Так блистательно было,
и вдруг в одночасье не стало
ничего. Пресловутый ущерб вымирающей расы.
Алый Мальчик – он станет инакосердечным поэтом
и напишет про ночь и про серп,
лунный серп из пластмассы.
Алый Мальчик... Меж веток кленовых зияют пустоты,
солнце тускло и осень бесцветна, промозгла и стыла.
Только сердцу из странной привязанности это мило...
Так блистательно было,
и вдруг этот мальчик...
Ну что ты...
ТАК...
Вымокнешь. Высохнешь. Жмешься поближе к костру.
В мертвенном небе пугающе облако движется.
Купишь билет, чтоб уехать обратно в Москву
С узкой платформы со странным названием «Жижица».
Тут уже можно б и кончить... Проволглый рюкзак.
Теплый вагон и скучающий чай в подстаканниках.
Здание станции. Пара грустящих собак
Смотрит на осень глазами вселенских изгнанников.
Тут уже можно б и кончить... Вот, разве что, – дым
Из-за оград в тишине деревенского вечера.
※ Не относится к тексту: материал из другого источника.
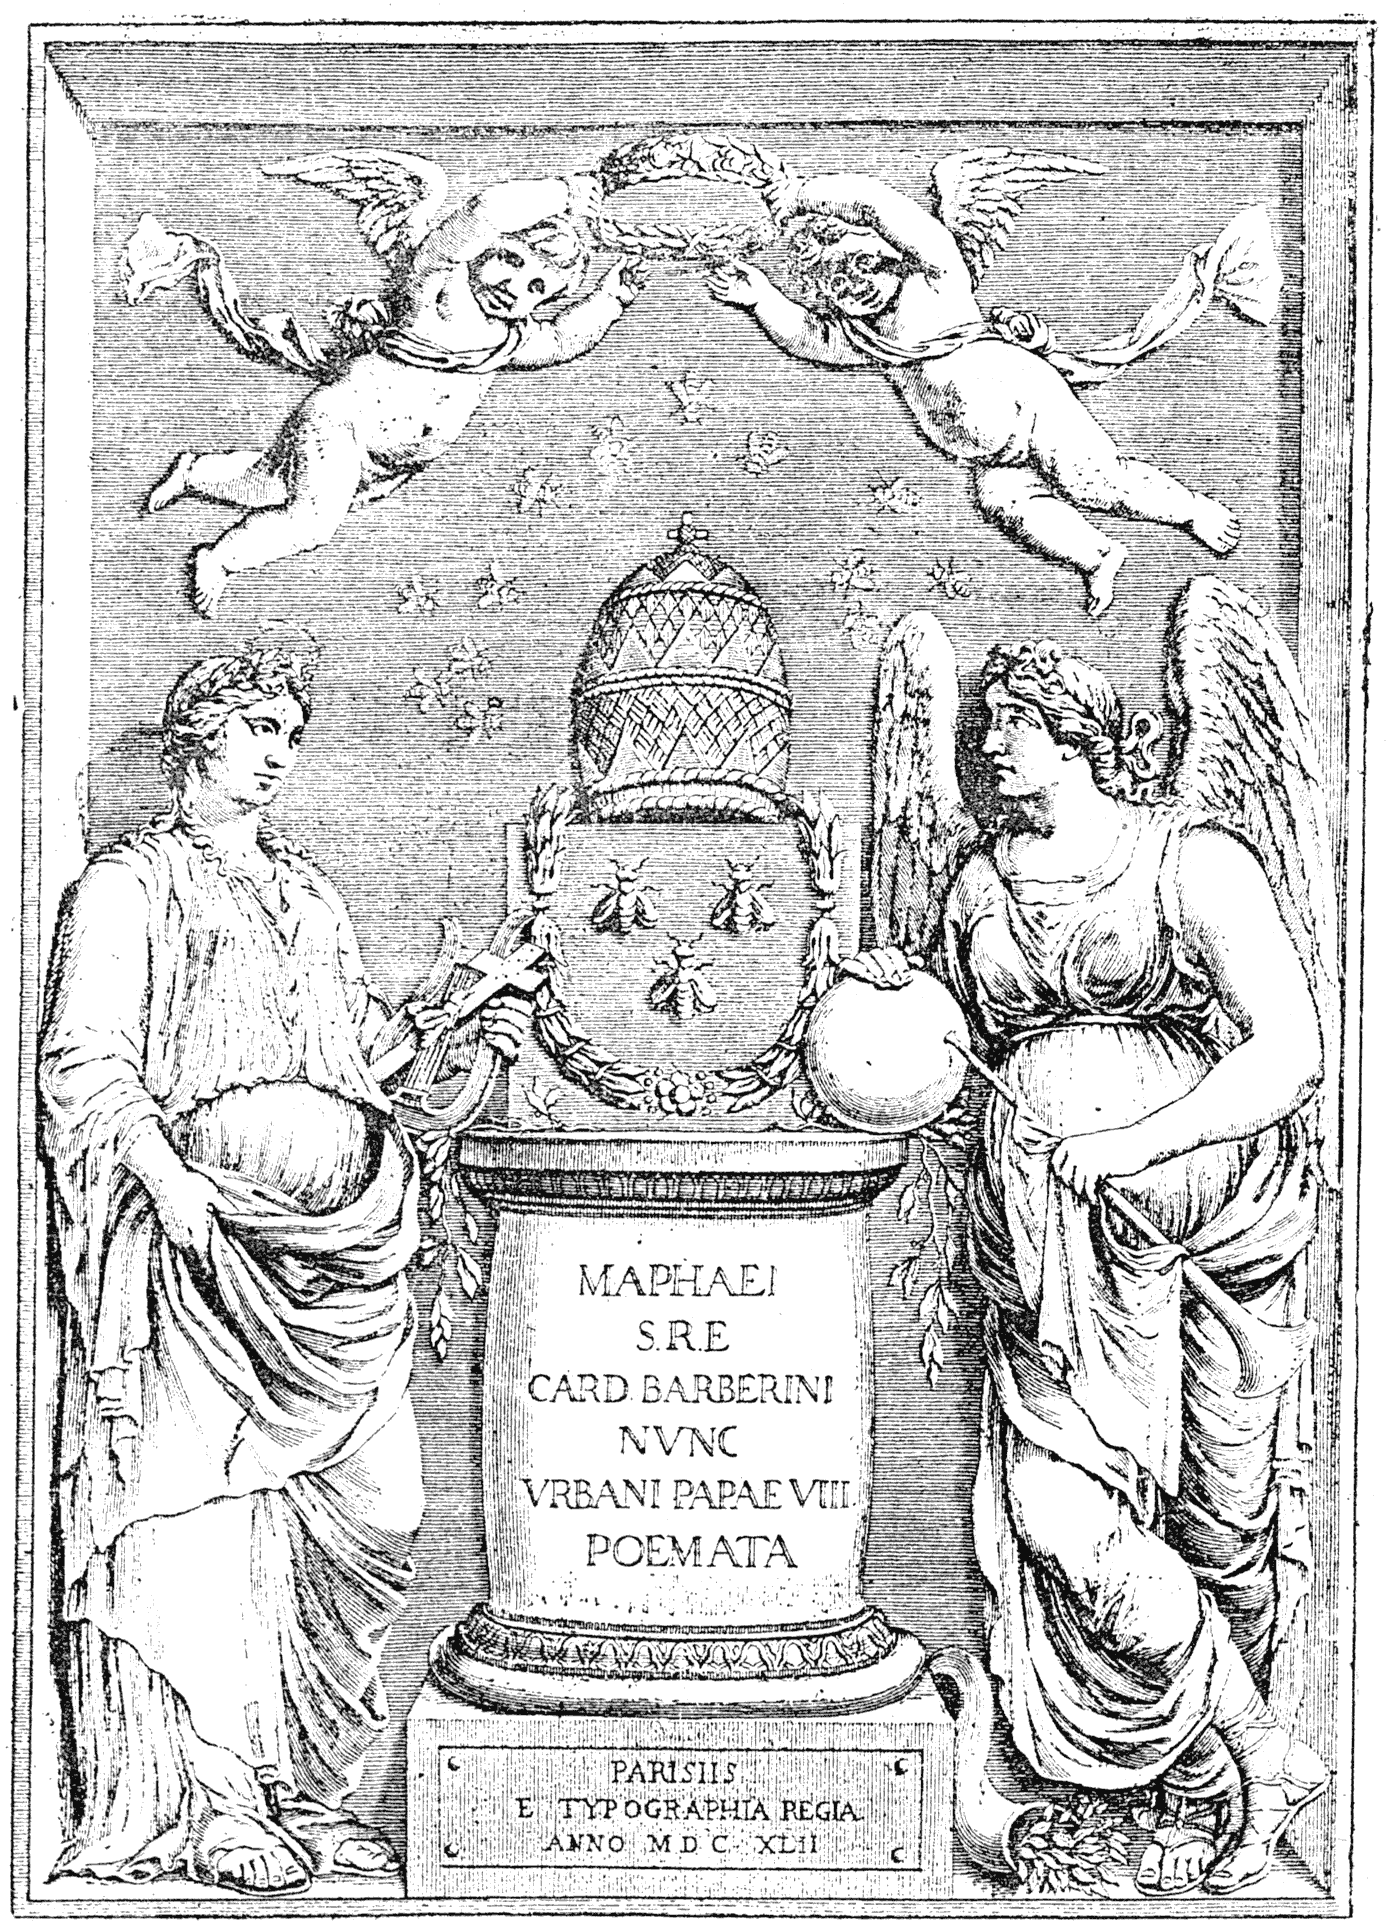 Claude Mellan title page engraving, 1642, 'Poesies'. From Henri Bouchot 'The Printed Book', 1887, page 157, published size in Bouchot 8.4 cm wide by 12 cm high.

Так иногда восхитительно быть молодым,
Так... Но боюсь, что добавить, пожалуй что, нечего.
* * *
Обходиться без горнего духа – проще простого:
Ковыряйся в грязи, да вонючей рукою пописывай,
Да глядись в эту мутную лужу пространства земного,
Ухмыляясь плебейской улыбкою неонарциссовой.
Чем беззвучнее стих, чем короче увечная память,
Тем бессмысленней длинное слово «существование».
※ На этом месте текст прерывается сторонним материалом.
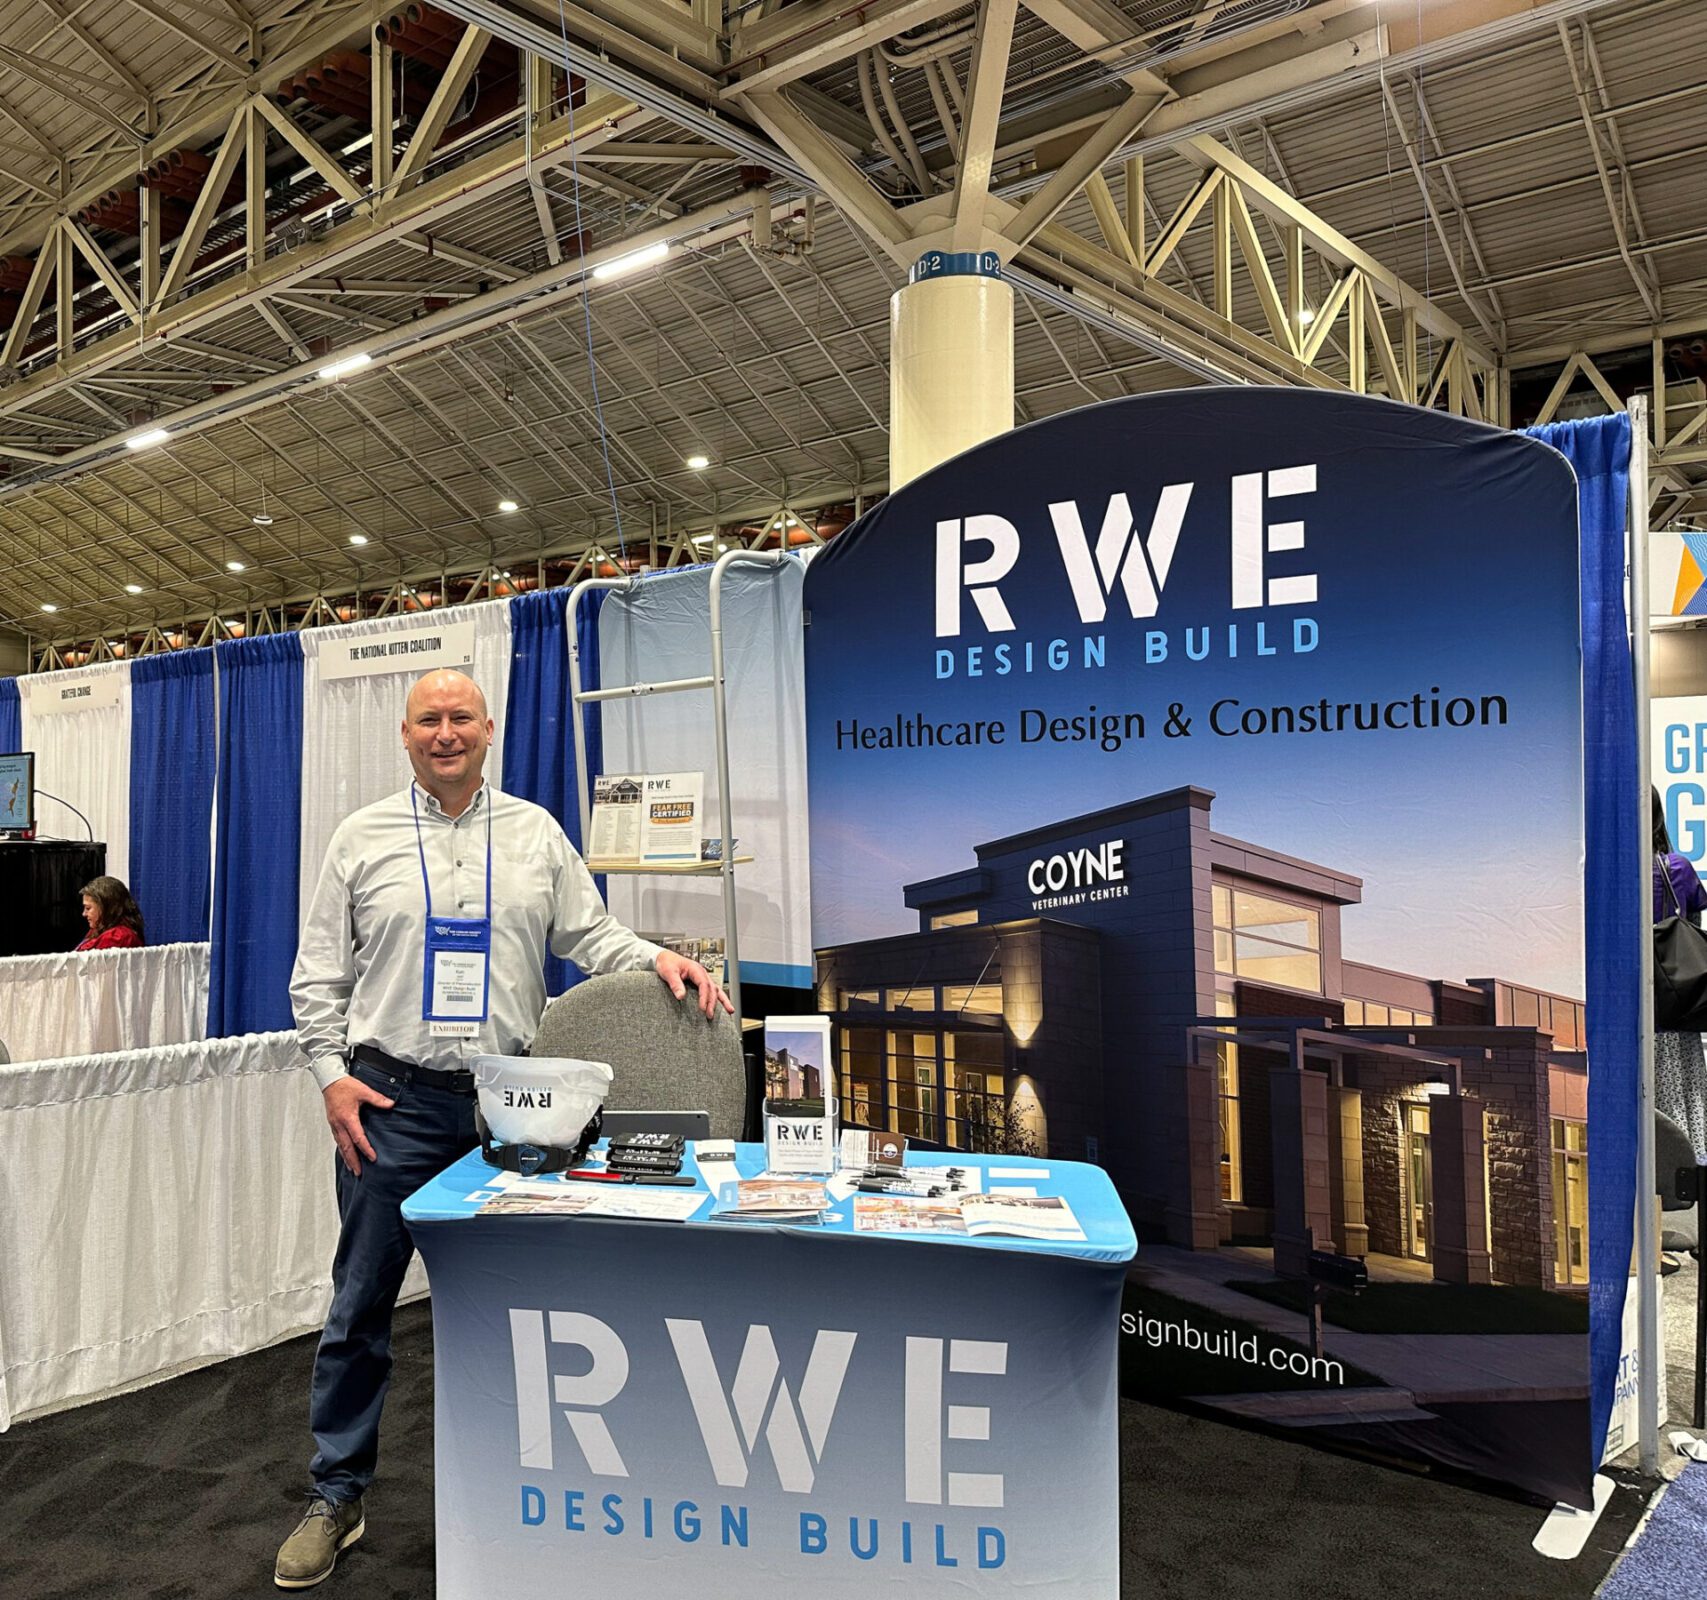 This image showcases an RWE employee working their trade show booth.

Слышишь чавканье – тает и плавится жизнь под ногами,
Утекая ручьями в бетонный колодец страдания.
Обходиться без горнего звука – кровавая мода:
Только карканье, харканье, сип и мычанье гнусавое.
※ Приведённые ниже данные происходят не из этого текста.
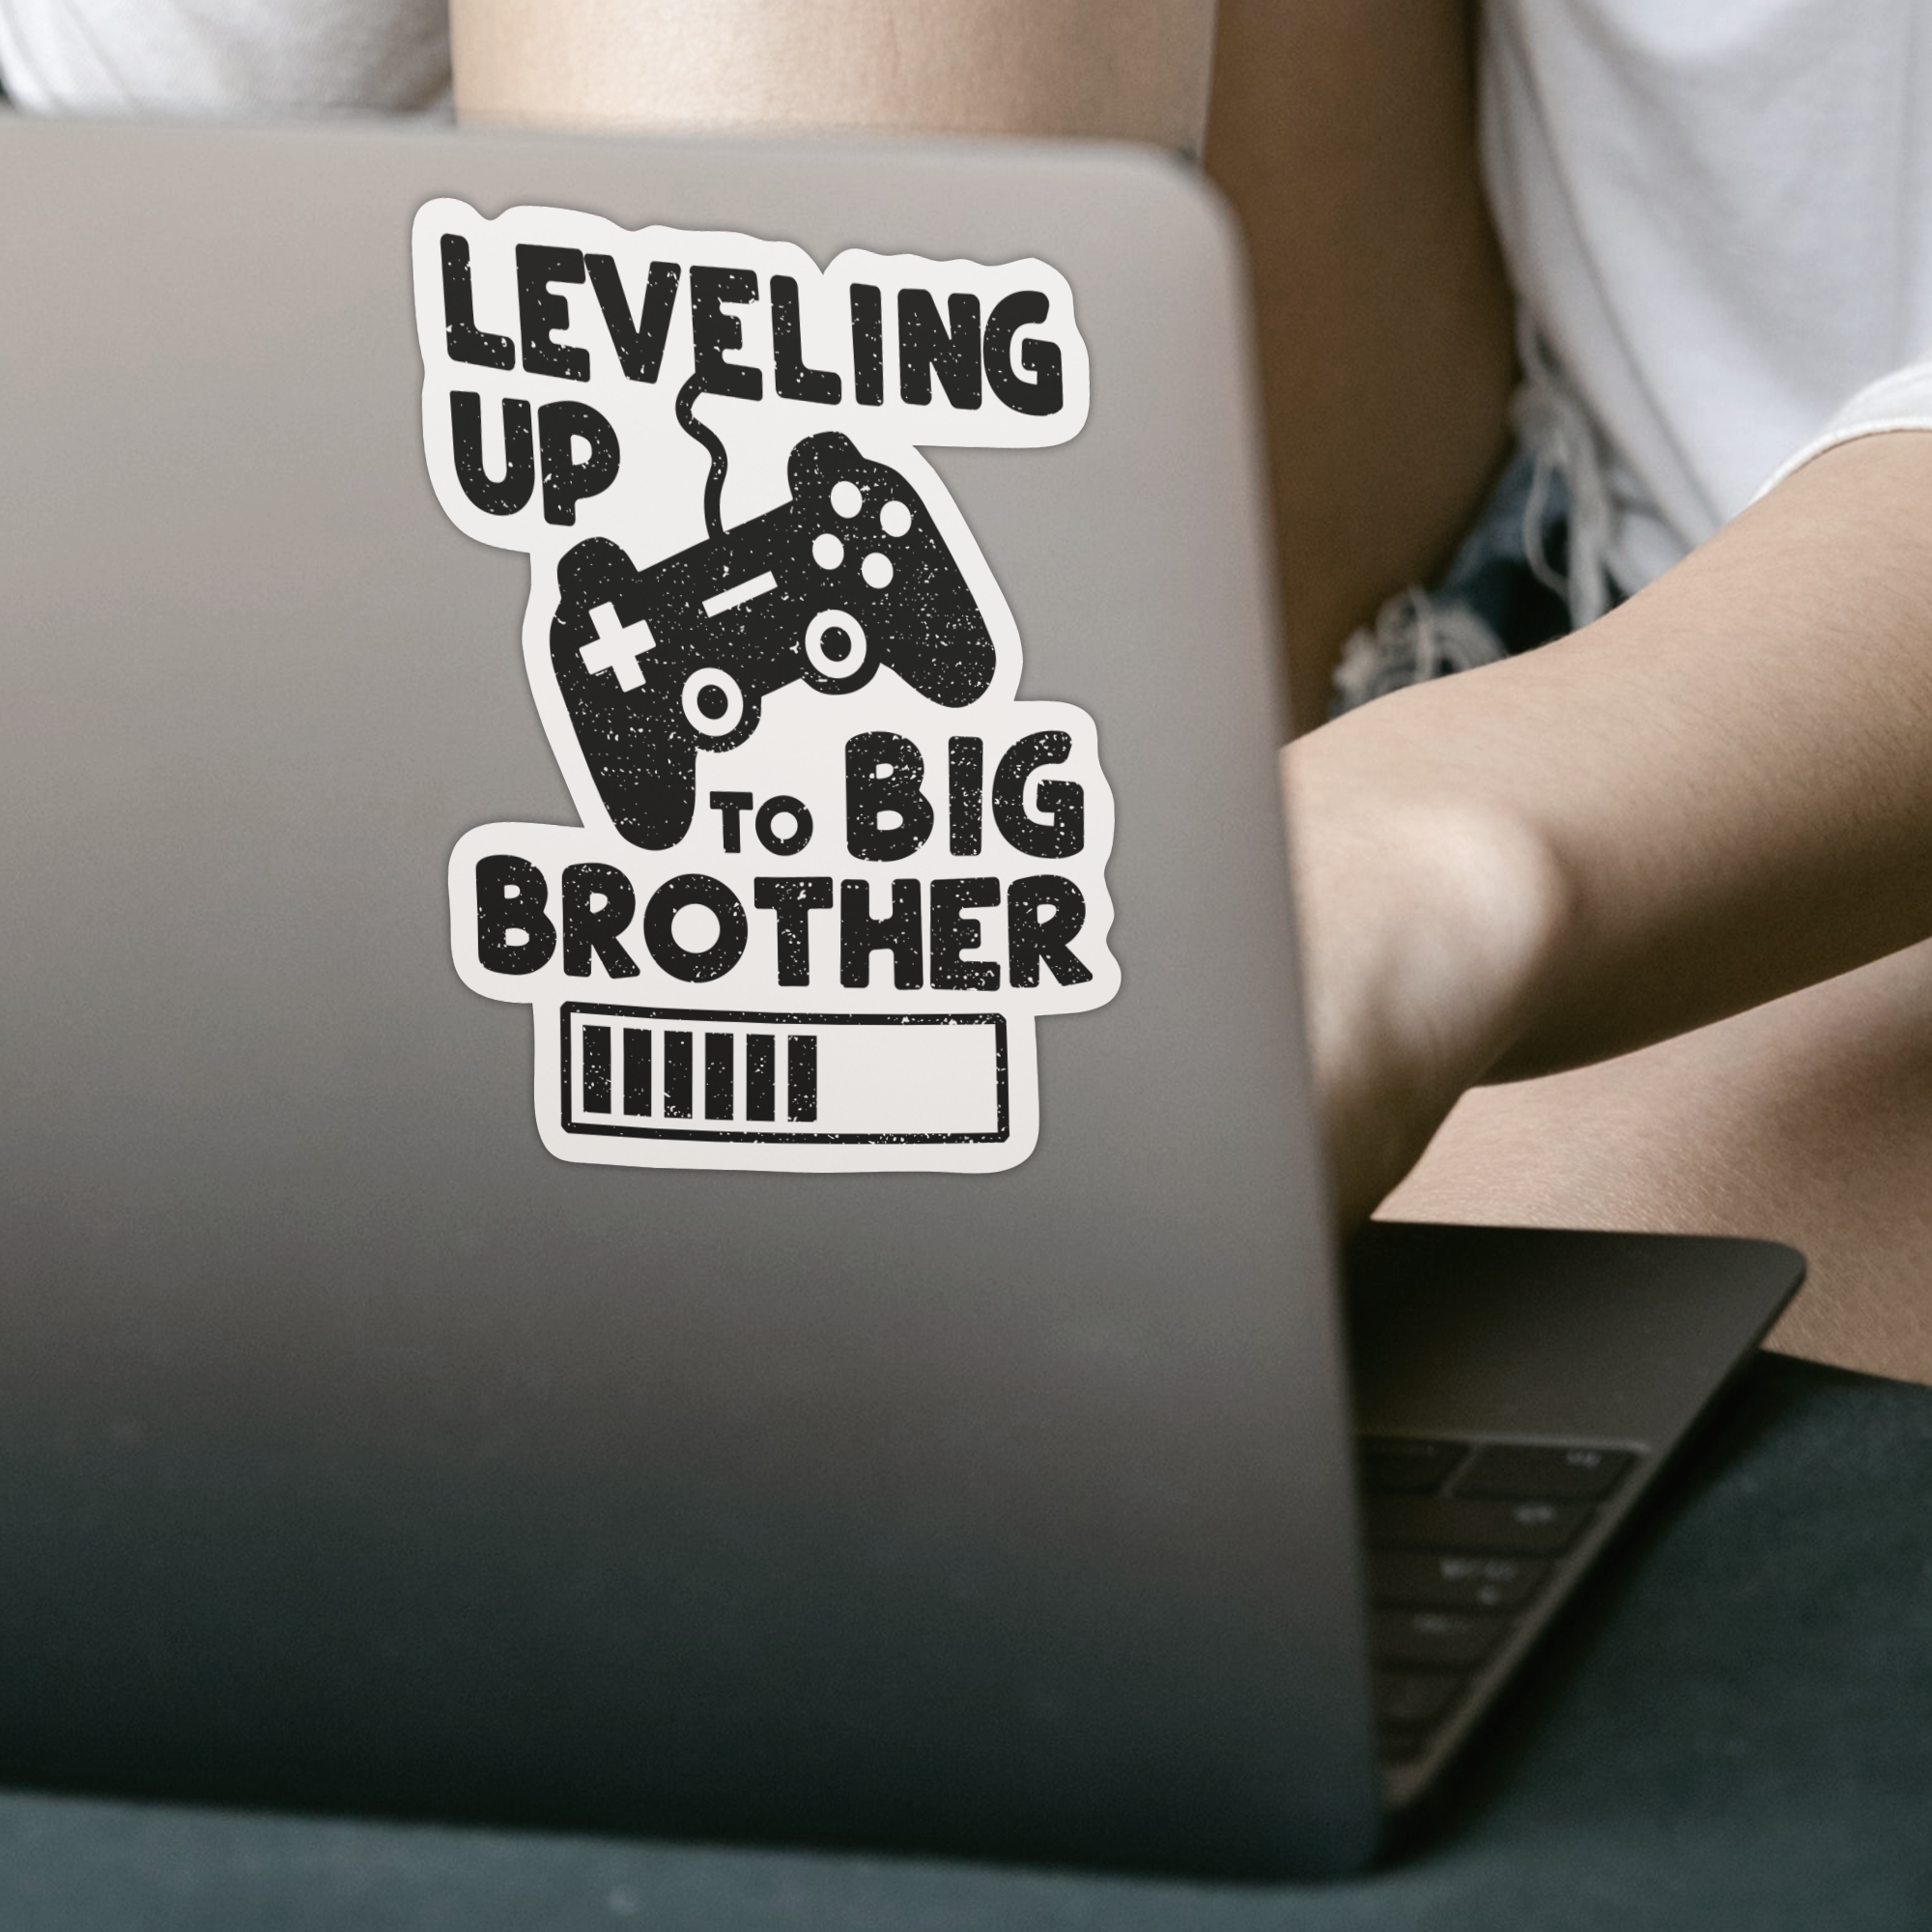 Leveling Up To Big Brother Sticker - DESIGNSBYJNK5.COM

Но, и вырвав язык у забывшего Бога народа,
Невозможно заставить забыть его главное самое.
Это утром январским возможность высокого звука,
Этот розовый зайчик божественного междометия,
Это в полдень июльский звенящая солнцем излука
Безымянной реки в безымянной стране и столетии.
Это есть. И от этого чувства твердό под ногами.
Это есть и основа и самый венец человечности.
Это есть. И звенит, отзываясь, хрустальная память
От серебряной ложечки дня обертонами вечности.
* * *
Пахнет луком и французскими духами,
Пахнет потом человеческого тела,
Русским духом пахнет, горькими стихами
В помещенье метрополитена.
Тут собор, и жизнь, и будничный молебен;
Книжки, сумки, даже дети и игрушки.
«Труд», «Известия» и даже «Нойес Лебен».
И солдаты, и царевны, и лягушки.
Слышишь проповедь и предостереженье,
Так, глядишь, и не один на свете,
Так, глядишь, и возникает уваженье
К инвалидам, людям, женщинам и детям,
Так, глядишь, и я когда-нибудь поверю
В этот голос, упреждающий о двери, –
Ведь отстаиваю по пять раз в неделю
По заутрене и по вечерне.
Так, глядишь... и за горами, за долами
Проплыла плотвичка-жизнь в оконной раме...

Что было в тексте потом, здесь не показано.